How to be a Sane Failing Pastor, Which Should be Your Pastoral Goal

“Their church is doing great. They just built a second building.”

–What people base church success on and why so many pastors feel like failures.
@FailingPastor

 

One of the main sources of pastoral depression, and all other forms of depression, is comparison.

“Comparison steals contentment” is the old quote you hear in various forms. There is truth there.

Most comparison is based on what you see. Being the pastor of a small church with a pathetic building situation is depressing on many levels.

People in your church will frequently demand the impossible from the group and make fun of its small size. It develops a complex as everyone feels a little foolish in our little group. People visit the church and then never come back, making the whole group feel rejected, embarrassed, and a tad defensive.

People from other churches constantly tell you how great their church is. How many got saved. How many attend. How much their new building project costs. The new exciting programs your church could never afford that they started and won their whole city to Christ.

Pastors are constantly given advice from “more successful” pastors (and there will always be a more successful pastor) about how to do things and “here’s your problem.” If we could all just be as cool as those cool guys in their cool churches.

Pastors read church advice, all of which makes us feel even more dumb. Not only does my church not do anything remotely as cool, there’s not even a chance in all the world we would be able to pull off the cool ideas we’re all supposed to implement.

In the end, none of these things has anything to do with church success. The fact that a church has more people and more building doesn’t mean it has more spiritual stuff going on.

But this is how humans gauge performance. How do we rank? The only way to know is to measure. So we make measurable statistics the barometer of success.

God is the judge. It’s important to remember that God is the judge. He judges righteous judgment. He judges the heart; not externals. Absolutely vital to remember this.

No matter how big or small your church is, how many buildings you have, or anything else, God is the judge and He doesn’t base His judgment on what we base our judgments on.

If you cease comparing yourself to everyone else, your contentment level will rise. This is hard to do as we are surrounded by physical things and measures and people letting you know how much you don’t measure up. It’s constant.

That’s why pastors better spend a huge amount of time in the Word and in prayer. If you don’t, you’ll get sucked into the rat race of church success and more than likely fail and be depressed.

Just lose the race. Decide to lose the race. Be a failure. Be content to know how God wants His church run and then go do that to the best of your ability. You will give an account before God. Live like it.

 

 

While we look not at the things which are seen, but at the things which are not seen: for the things which are seen are temporal; but the things which are not seen are eternal.”
–2 Corinthians 4:18

3 thoughts on “How to be a Sane Failing Pastor, Which Should be Your Pastoral Goal

  1. The modern-day “church” has drifted light-years off course regarding God’s design & purposes.
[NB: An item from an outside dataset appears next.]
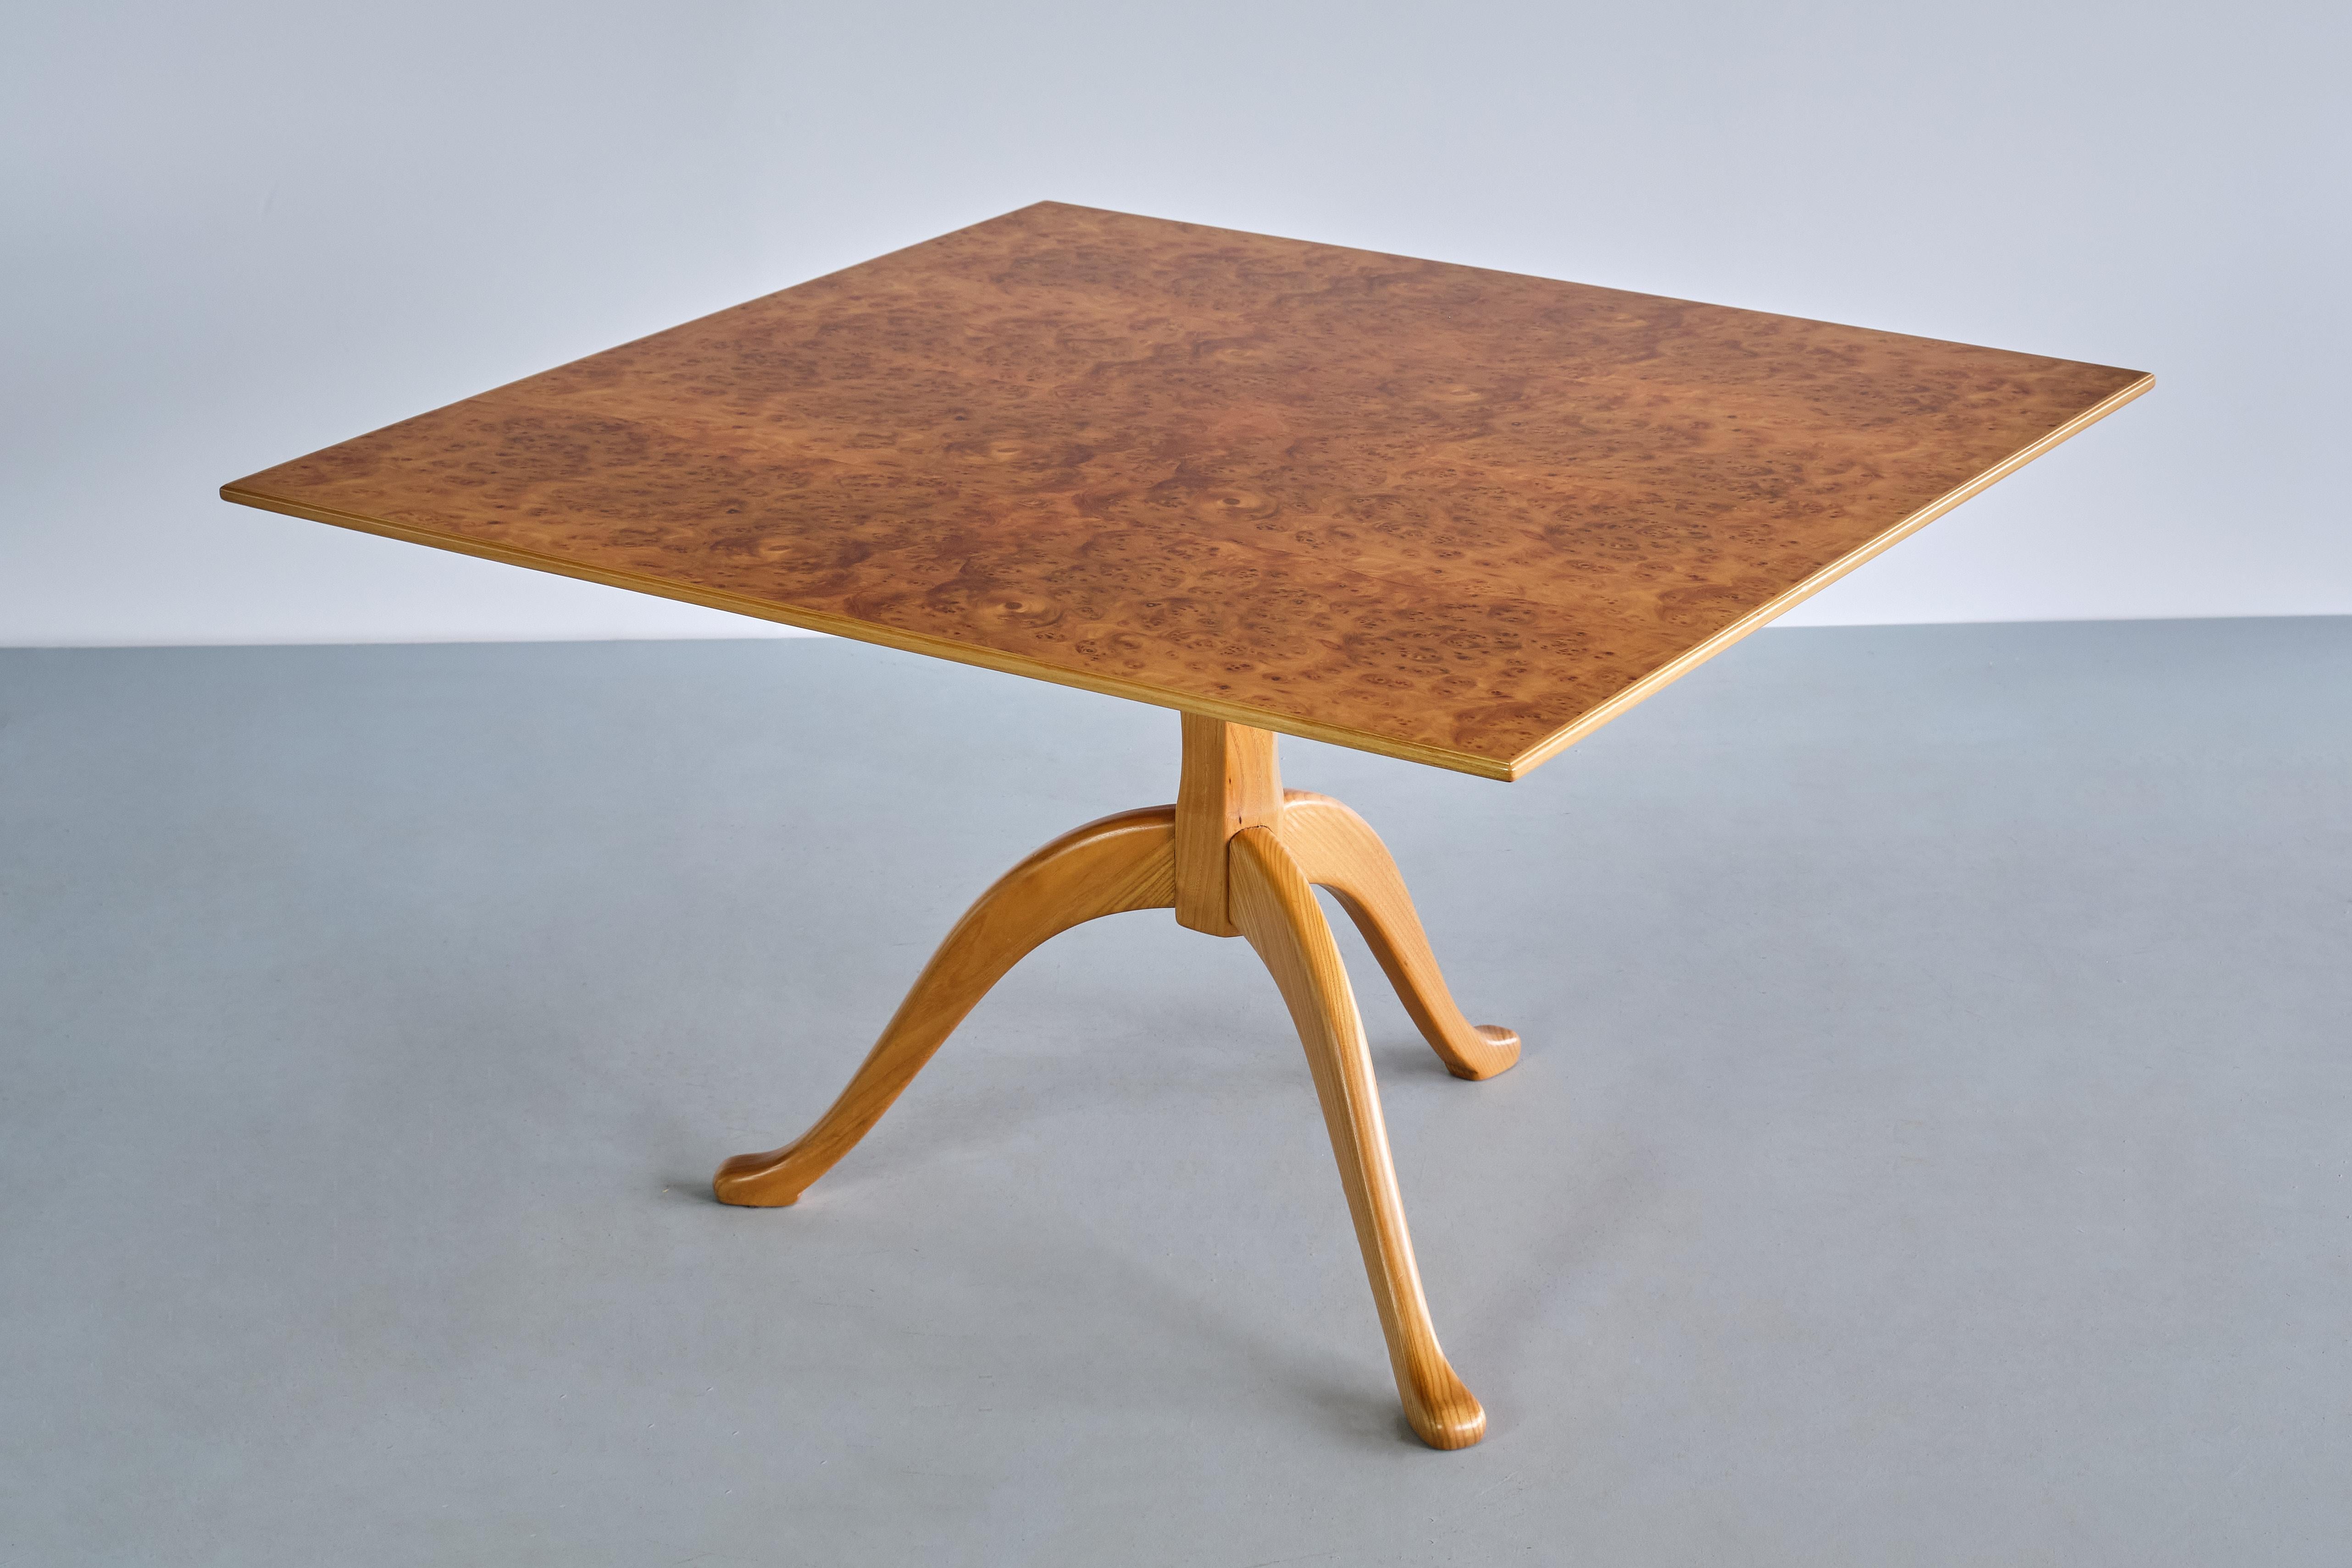 This elegant side table was designed by Carl Malmsten and produced by his company in Sweden in the 1960s. This is a rare variant of his iconic 'Berg' model, with a larger square top instead of the usual round, smaller tops.
The table can be used as

So, comparison is a major losing proposition.

    You wrote, “Be content to know how God wants His church run…”. That is the right prescription.

    As a follow-up, may I suggest finding between 1 and 3 or four people who genuinely want to seek, know and live out the Lord’s calling upon His people… and then focus on doing THAT, together.

    It seems from your posts that you are dealing with one of two things, or a combination of the two:

    1. People who have not been born of God and might be “attending” for a wide variety of reasons, and/or

    2. Those who are spiritual infants OR who want nothing more than to have their itching ears tickled.

    Maybe they should be heavily challenged?

    Jesus was quite good at driving off those who refused to count the cost or trust His word even when it was not comfortable to do so.

    He was not into the church growth movement, BUT He developed men & women who turned their world upside-down.

    I’ve linked to a story about when I was overseas some years ago. I truly miss those days.

    Now I’m a Failing Nothing living in the past.

    I pray you won’t take this as criticism, but as advice from another sufferer.

    Like

    1. I hear ya. I have indeed challenged and driven many off, sometimes intentionally sometimes not. My goal is to find a couple people who truly want to grow into Christ and create a fellowship that edifies and encourages people to grow into Christ. It could truly be a wonderful thing. I’m endeavoring to do what I can to bring it about.

      Liked by 1 person

      1. You said:

        “It could truly be a wonderful thing.”

        I can assure you, it is.

        If you haven’t checked out the post I linked to, you might want to do that. It may sharpen the vision for you.